In [1]:
import sys, os
sys.path.insert(0, os.path.join("..", "..", ".."))

Cross-Validation on a grid

Continuing to work with the Rosser et al. paper, we also want to cross validate the grid based "prospective hotspotting".


In [2]:
%matplotlib inline
import matplotlib.pyplot as plt
import matplotlib.collections
import numpy as np
import descartes
import zipfile, pickle

import open_cp.sources.chicago
import open_cp.geometry
import open_cp.prohotspot
import open_cp.predictors

In [3]:
data_path = os.path.join("/media", "disk", "Data")
#data_path = os.path.join("..", "..", "..", "..", "..", "..", "Data")
open_cp.sources.chicago.set_data_directory(data_path)
south_side = open_cp.sources.chicago.get_side("South")

In [4]:
grid = open_cp.data.Grid(xsize=150, ysize=150, xoffset=0, yoffset=0)
grid = open_cp.geometry.mask_grid_by_intersection(south_side, grid)

In [5]:
filename = open_cp.sources.chicago.get_default_filename()
timed_points = open_cp.sources.chicago.load(filename, ["BURGLARY"])
timed_points.number_data_points, timed_points.time_range


Out[5]:
(13970,
 (numpy.datetime64('2016-05-04T05:30:00.000'),
  numpy.datetime64('2017-05-03T23:48:00.000')))

In [6]:
timed_points = open_cp.geometry.intersect_timed_points(timed_points, south_side)
timed_points.number_data_points


Out[6]:
1985

Use old data instead


In [7]:
filename = os.path.join(data_path, "chicago_all_old.csv")
timed_points = open_cp.sources.chicago.load(filename, ["BURGLARY"], type="all")
timed_points.number_data_points, timed_points.time_range


Out[7]:
(326540,
 (numpy.datetime64('2001-01-01T00:01:00.000'),
  numpy.datetime64('2014-05-24T22:30:00.000')))

In [8]:
timed_points = open_cp.geometry.intersect_timed_points(timed_points, south_side)
timed_points.number_data_points


Out[8]:
46920

What do Rosser et al do?

They seem to use a "hybrid" approach, which we have (fortuitously) implemented as ProspectiveHotSpotContinuous. That is, they use a continuous KDE method, with both a space and time component, and then convert this to a grid as a final step.

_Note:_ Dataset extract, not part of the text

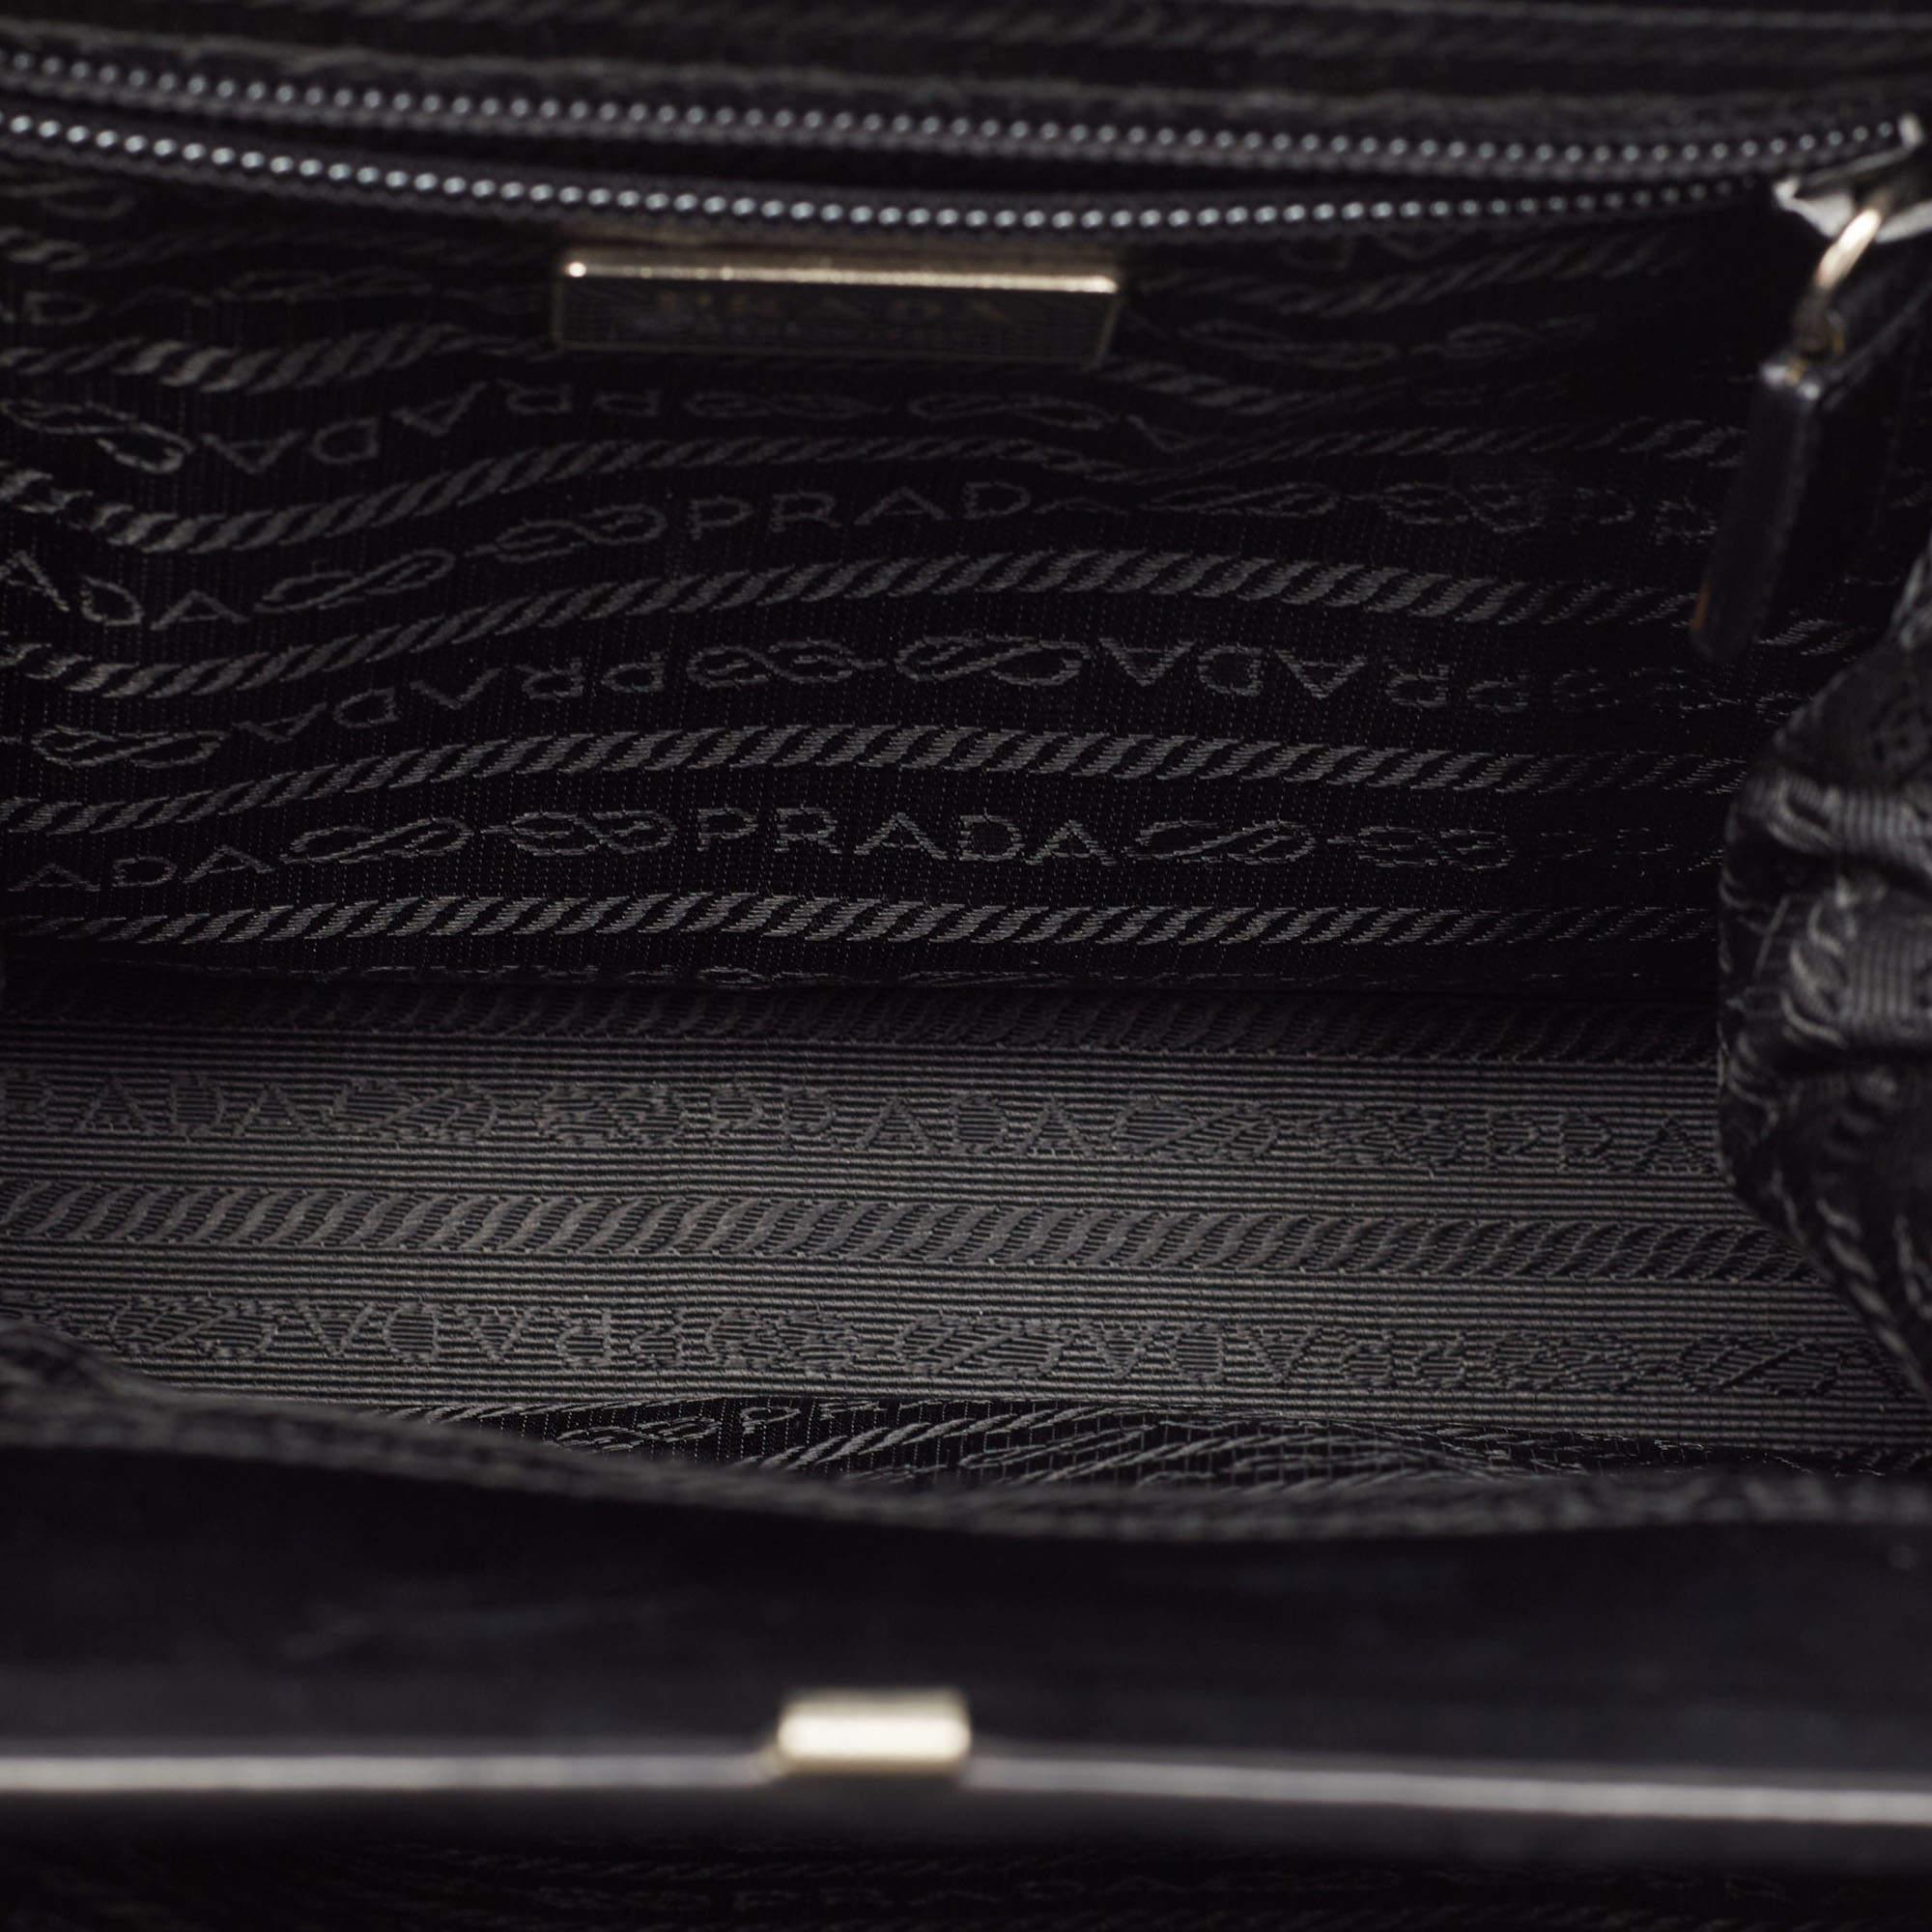 Prada Black/White Patent Leather Frame Top Handle Bag 4
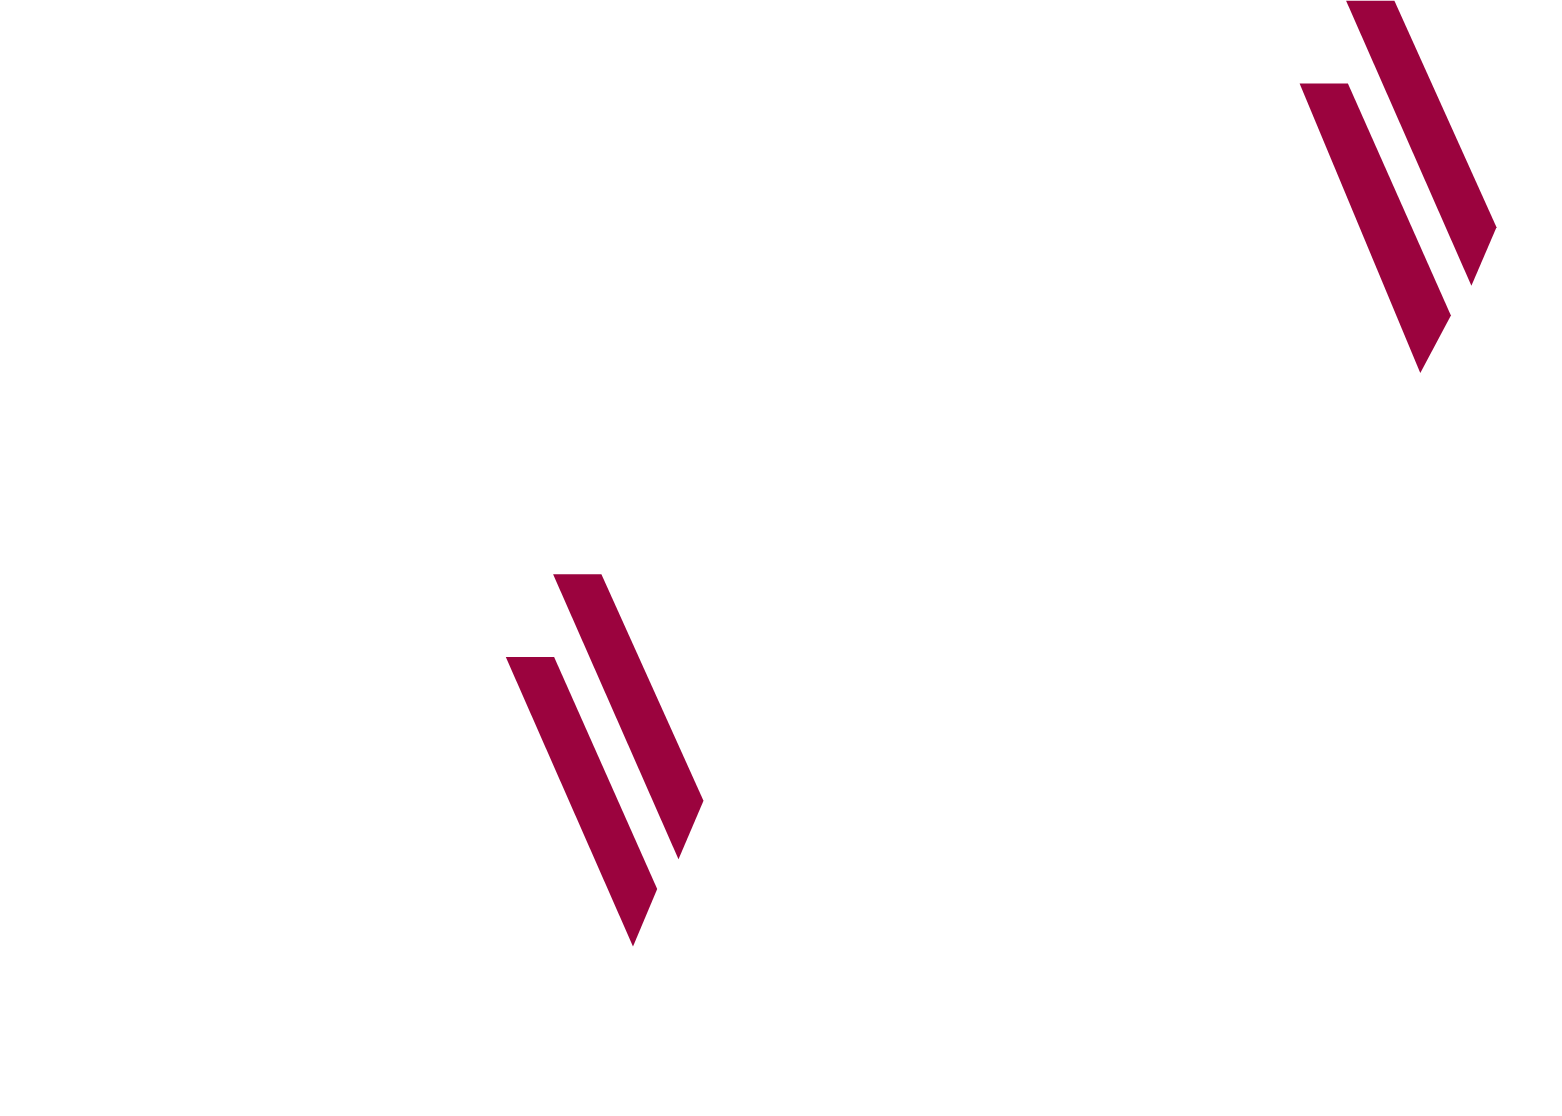 Al Imtiaz Investment Group Company logo large for dark backgrounds (transparent PNG)

The exact formula used is $$ \lambda(t,s) = \sum_{i : t_i<t} f(\|s-s_i\|) g(t-t_i) $$ where $$ f(\Delta s) = \begin{cases} \frac{h_S - \Delta s}{h_S^2} & :\text{if } \Delta s \leq h_S, \\ 0 &:\text{otherwise.} \end{cases} \qquad g(\Delta t) = \frac{1}{h_T} \exp\Big( -\frac{\Delta t}{h_T} \Big). $$ Notice that this is not normalised because when converting from two dimensions to a (positive) number using the Euclidean norm $\|\cdot\|$ we map the infinitesimal annulus $r \leq \sqrt{x^2+y^2} \leq r+dr$ to the interval $[r, r+dr]$; the former has area $\pi((r+dr)^2 - r^2) = 2\pi r dr$ while the latter has length $dr$.

Normalisation

Let us think a bit harder about normalisation. We treat $\lambda$ as a "kernel" in time and space, we presumably, mathematically, we allow $s$ to vary over the whole plane, but constrain $t\geq 0$ (assuming all events occur in positive time; in which case $\lambda$ is identically zero for $t<0$ anyway). Thus, that $\lambda$ is "normalised" should mean that $$ \int_0^\infty \int_{\mathbb R^2} \lambda(t, s) \ ds \ dt = 1. $$

How do we actually use $\lambda$? In Rosser et al. it is first used to find the "optimal bandwidth selection" by constructing $\lambda$ using all events up to time $T$ and then computing the log likelihood $$ \sum_{T \leq t_i < T+\delta} \log \lambda(t_i, s_i) $$ where, if we're using a time unit of days, $\delta=1$ (i.e. we look at the events in the next day).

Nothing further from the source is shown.